___ Provided records ___

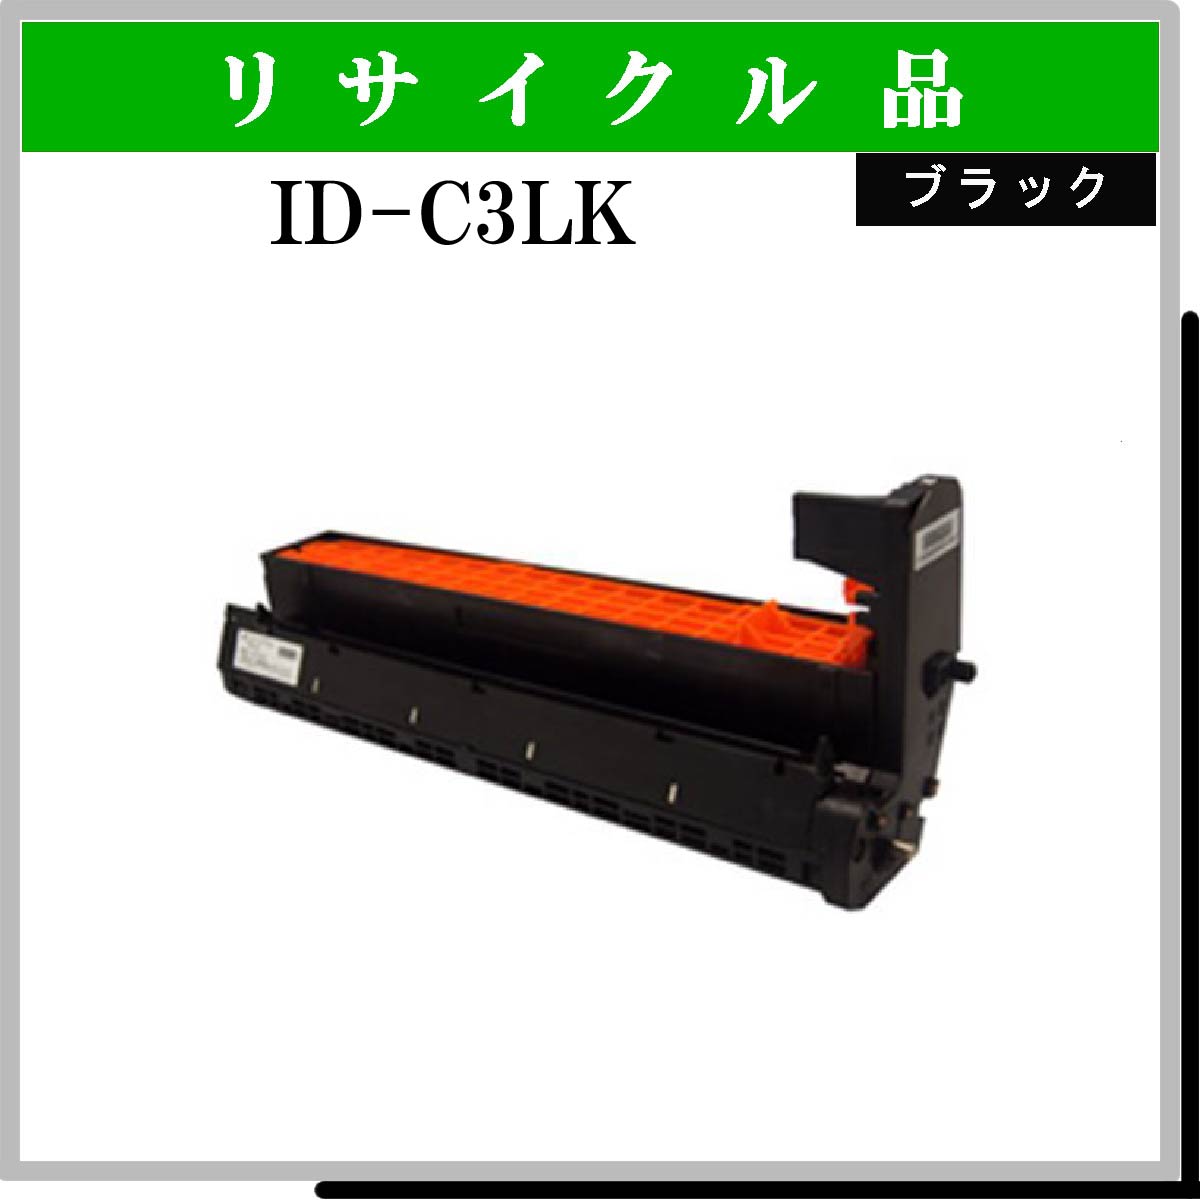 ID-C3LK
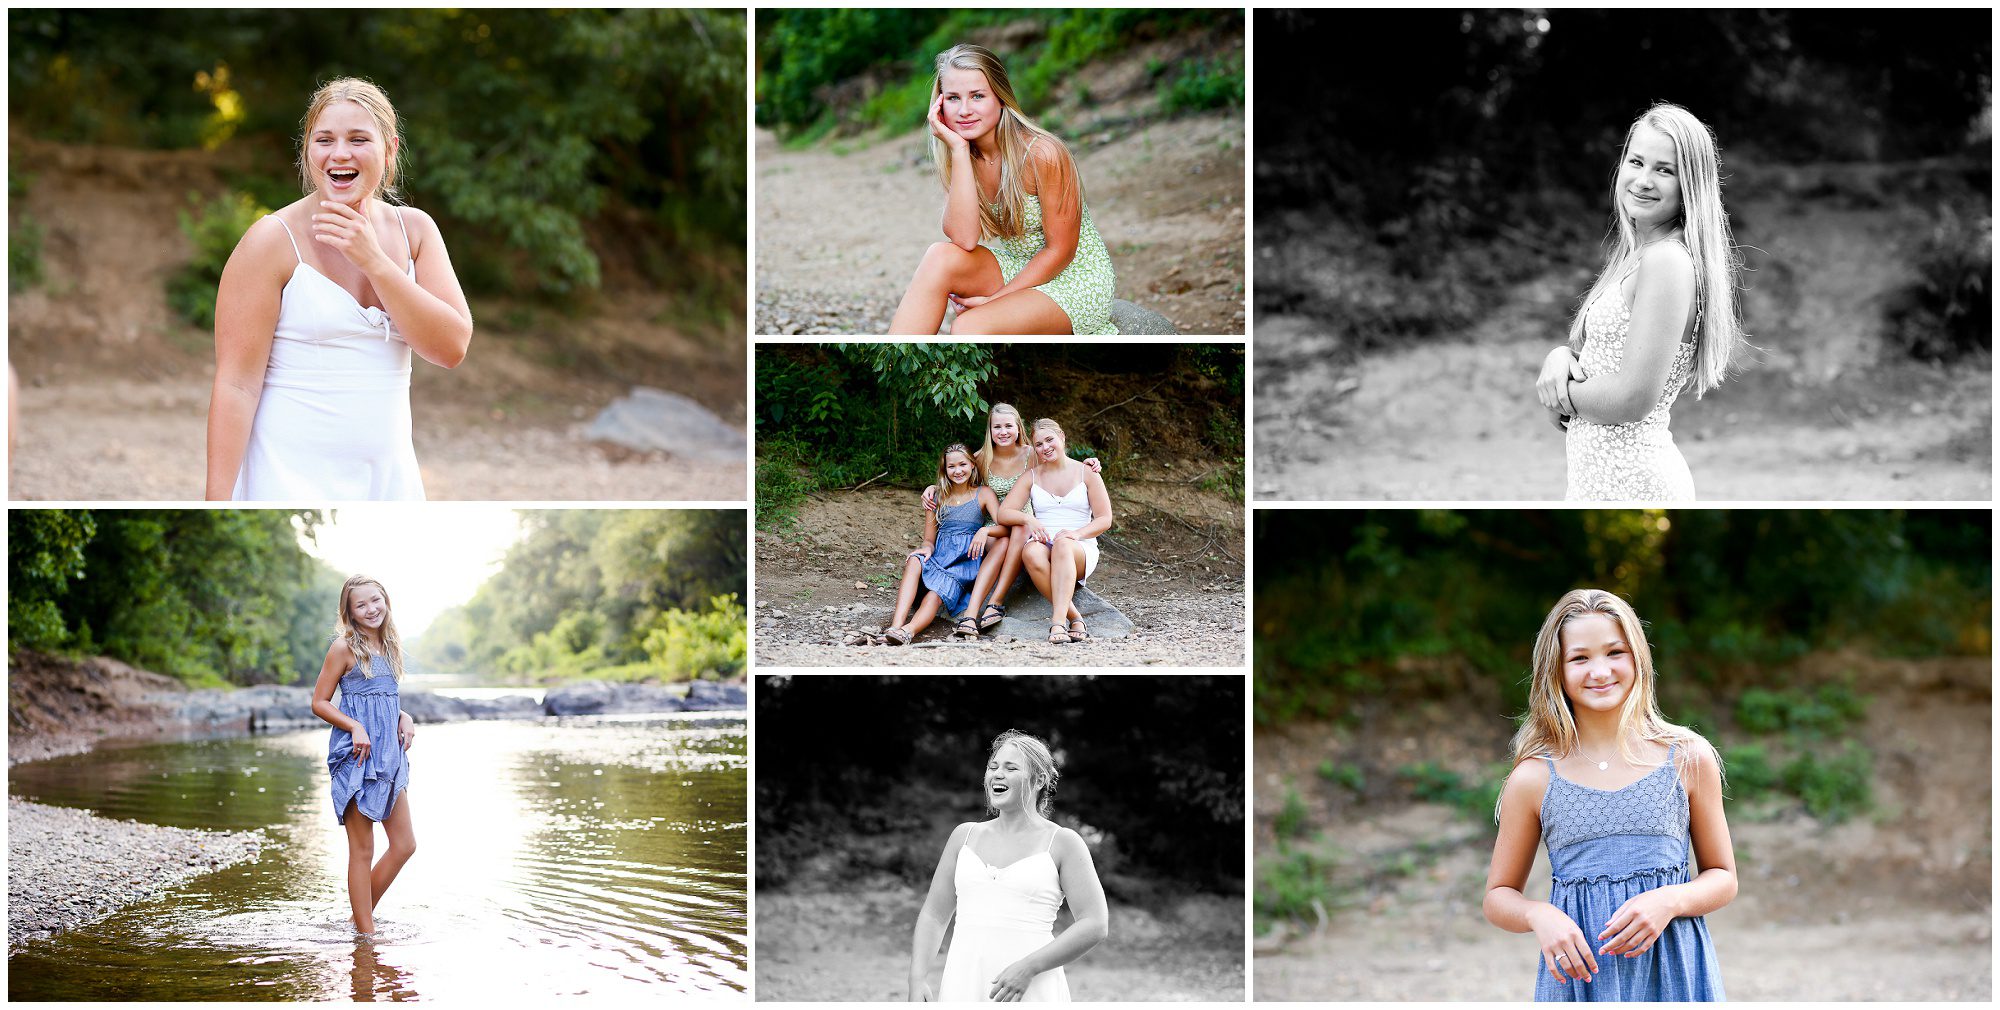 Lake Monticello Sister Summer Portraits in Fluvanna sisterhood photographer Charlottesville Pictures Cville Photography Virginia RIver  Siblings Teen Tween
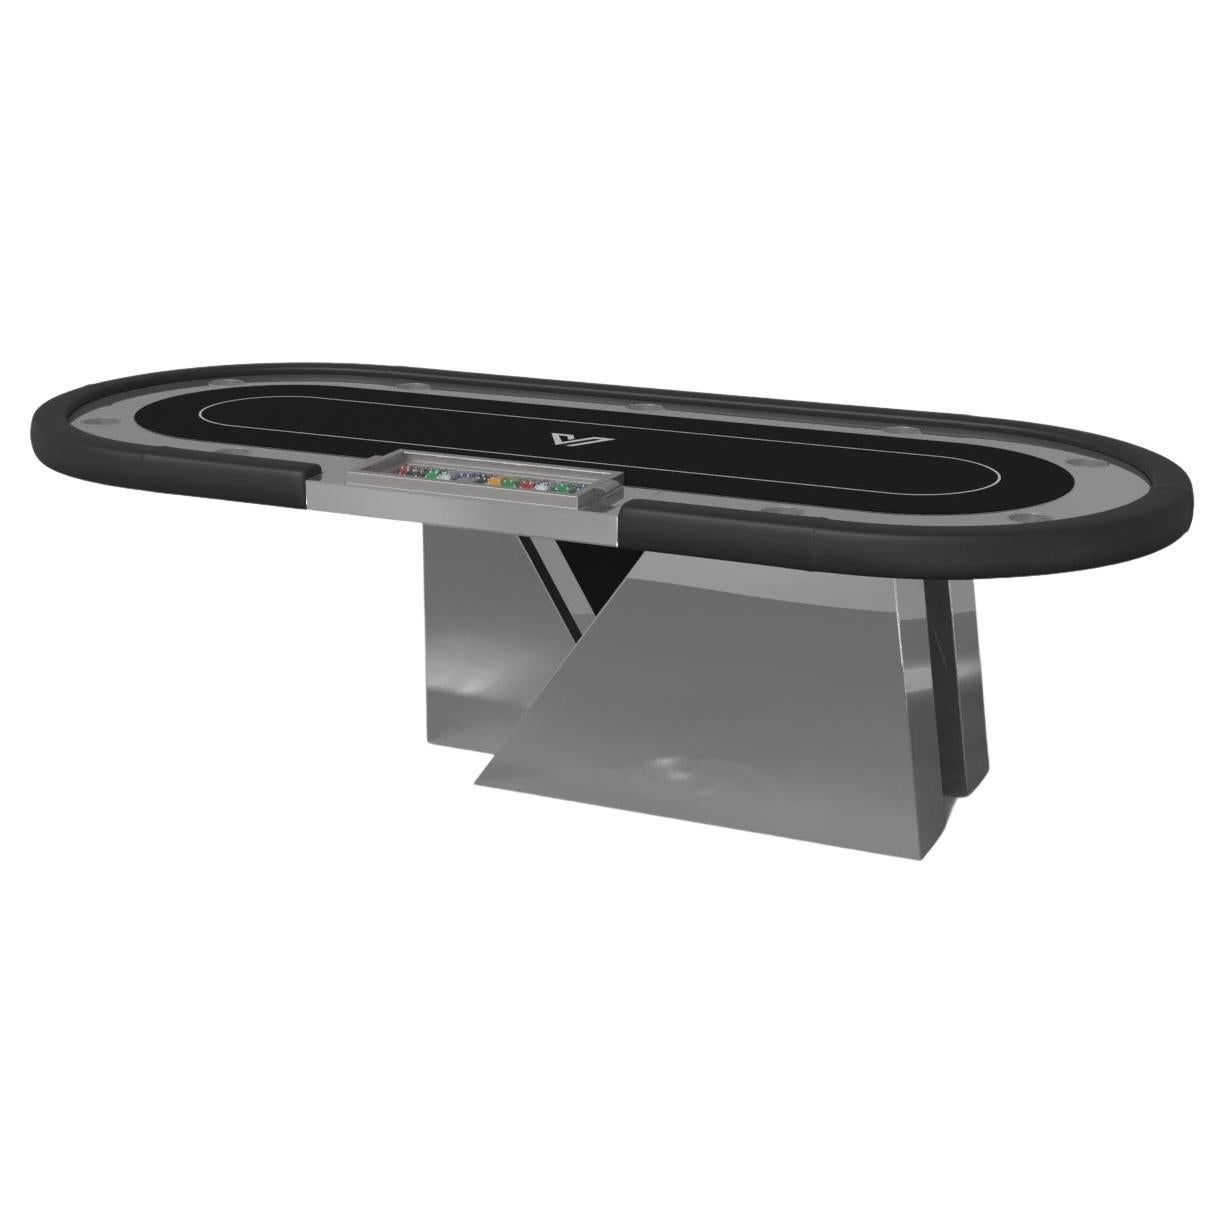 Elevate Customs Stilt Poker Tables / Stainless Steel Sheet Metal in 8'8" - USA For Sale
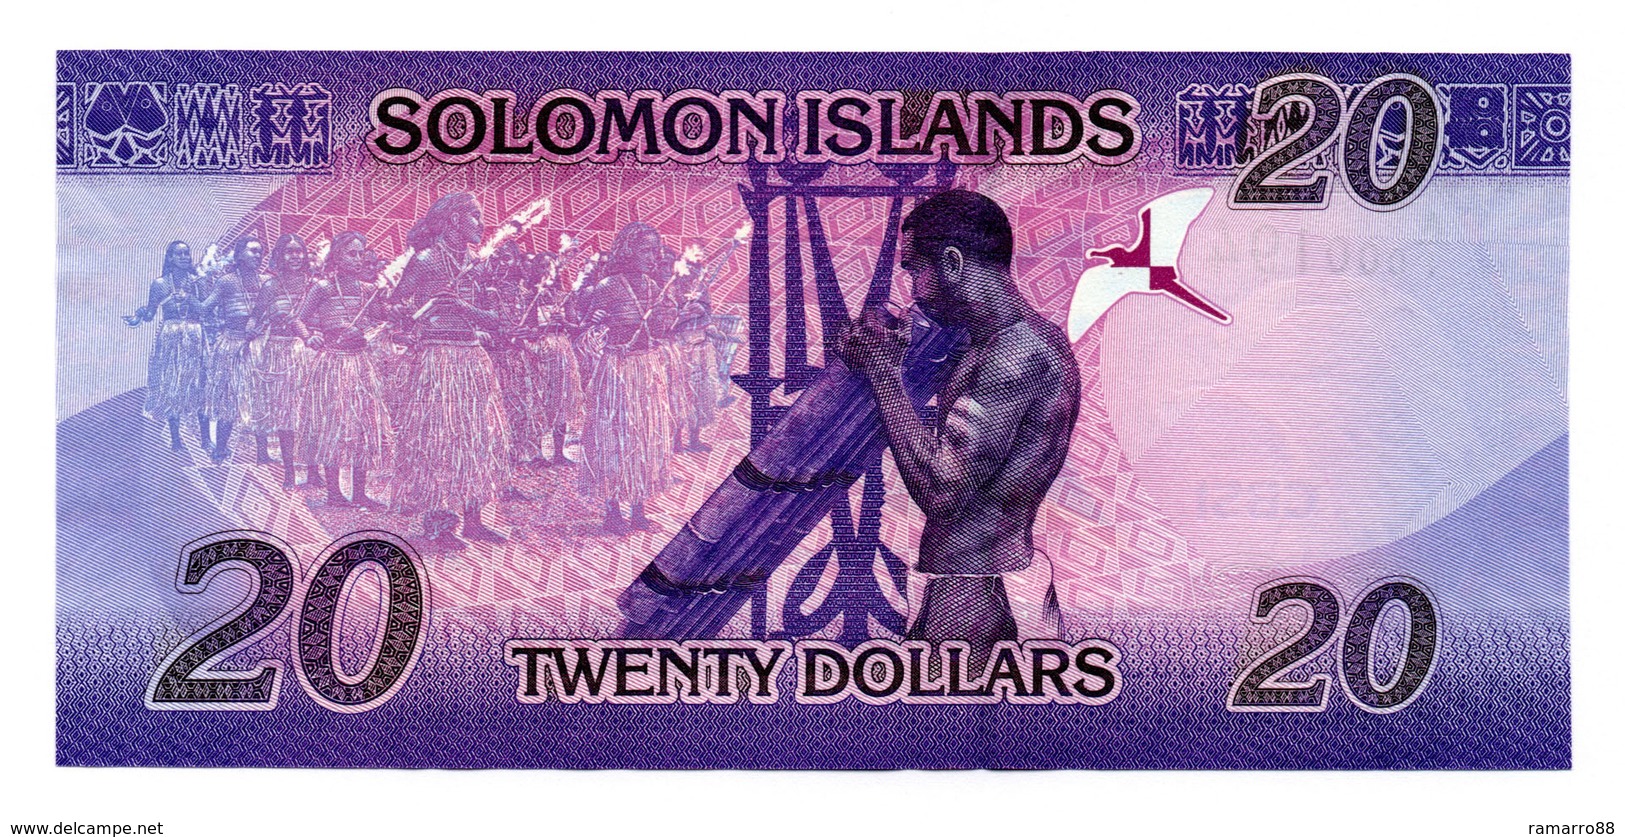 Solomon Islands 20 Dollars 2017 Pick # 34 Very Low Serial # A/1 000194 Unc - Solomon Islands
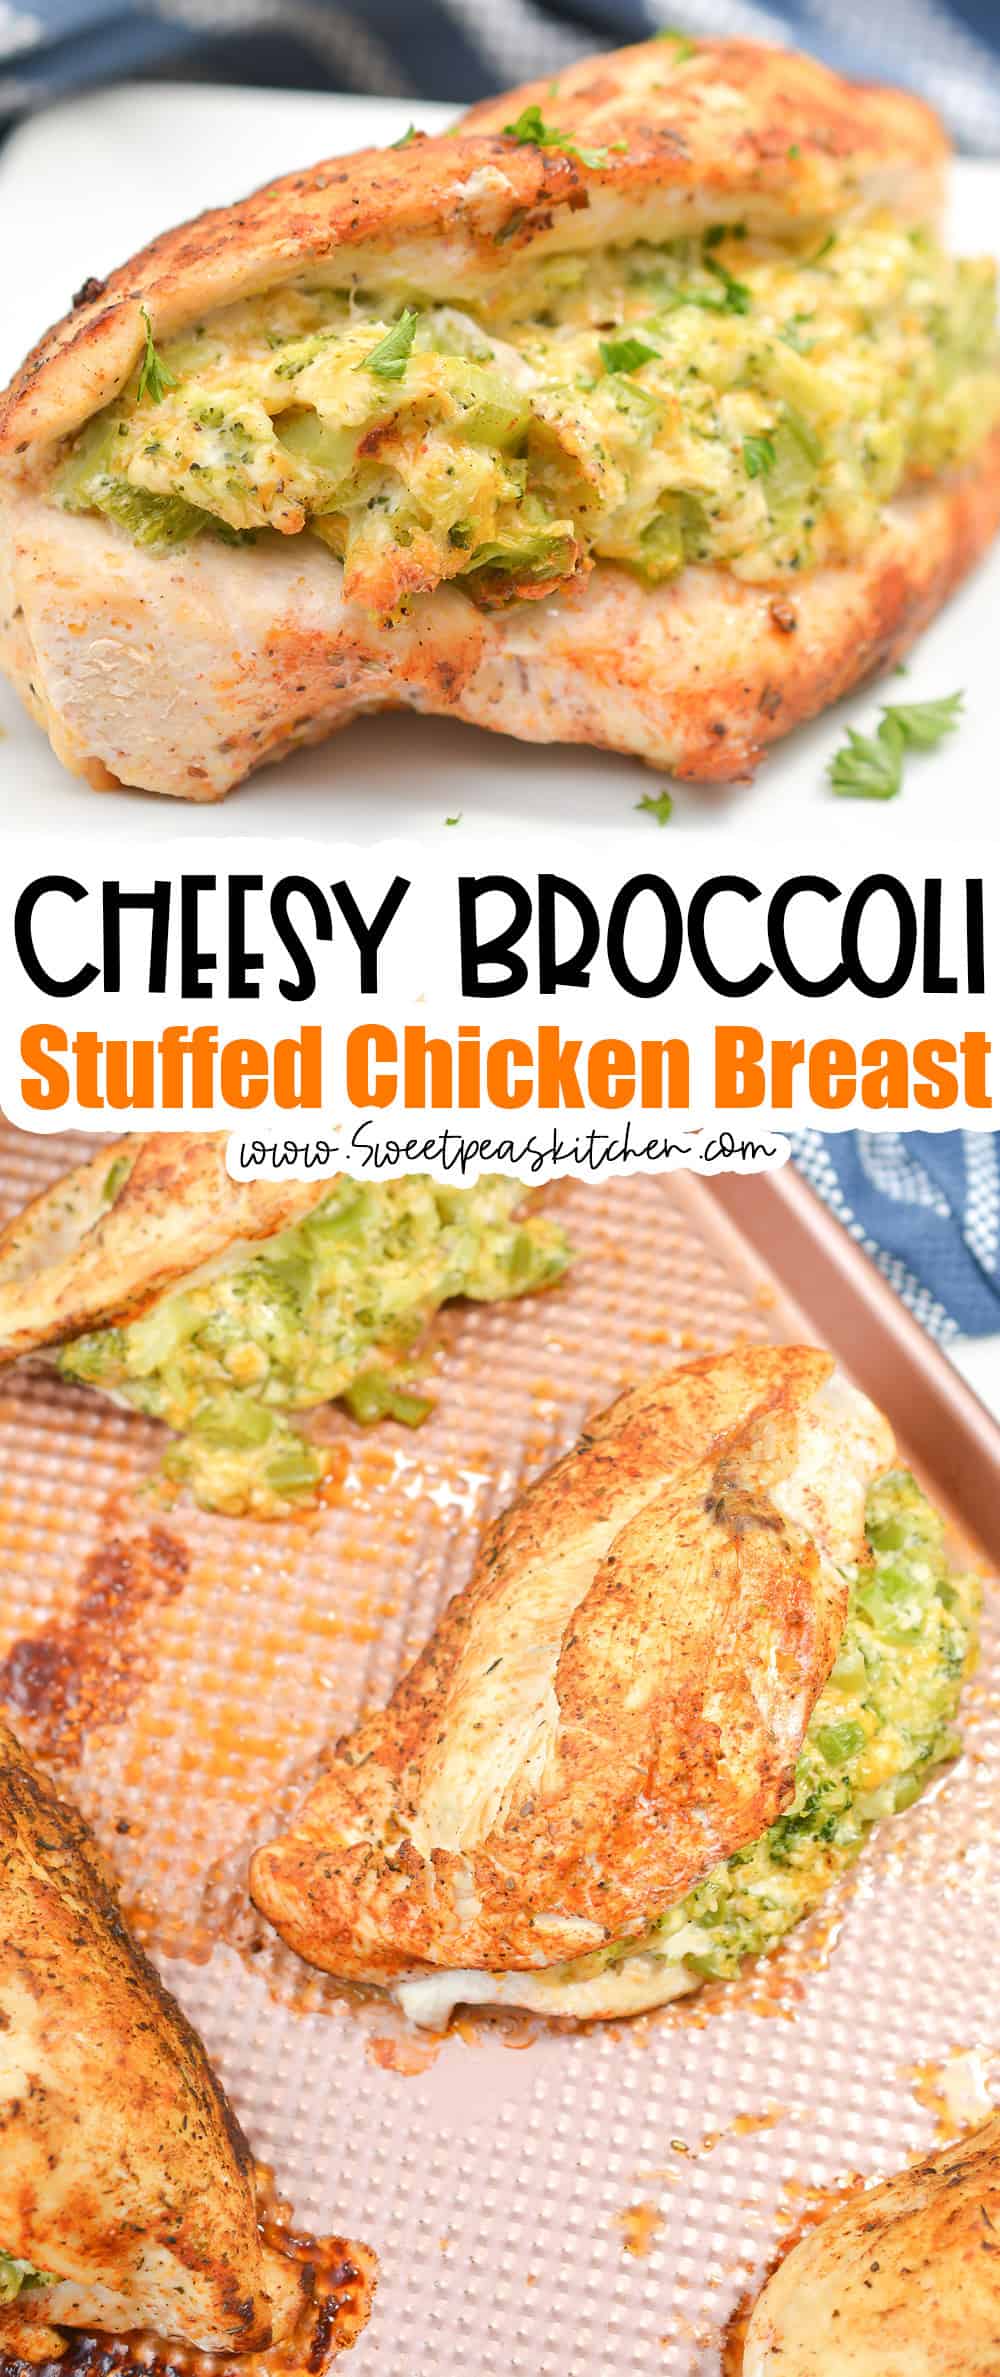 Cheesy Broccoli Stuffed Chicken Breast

___

__What to do__.
Set down exactly and only the lines from the line that contains "Elevate Customs Stilt" through the last line of the entries above, with both of those lines included and the pictures left out.

__Written answer__.
 Elevate Customs Stilt Poker Tables / Stainless Steel Sheet Metal in 8'8" - USA For Sale
 Solomon Islands 20 Dollars 2017 Pick # 34 Very Low Serial # A/1 000194 Unc - Solomon Islands
 Cheesy Broccoli Stuffed Chicken Breast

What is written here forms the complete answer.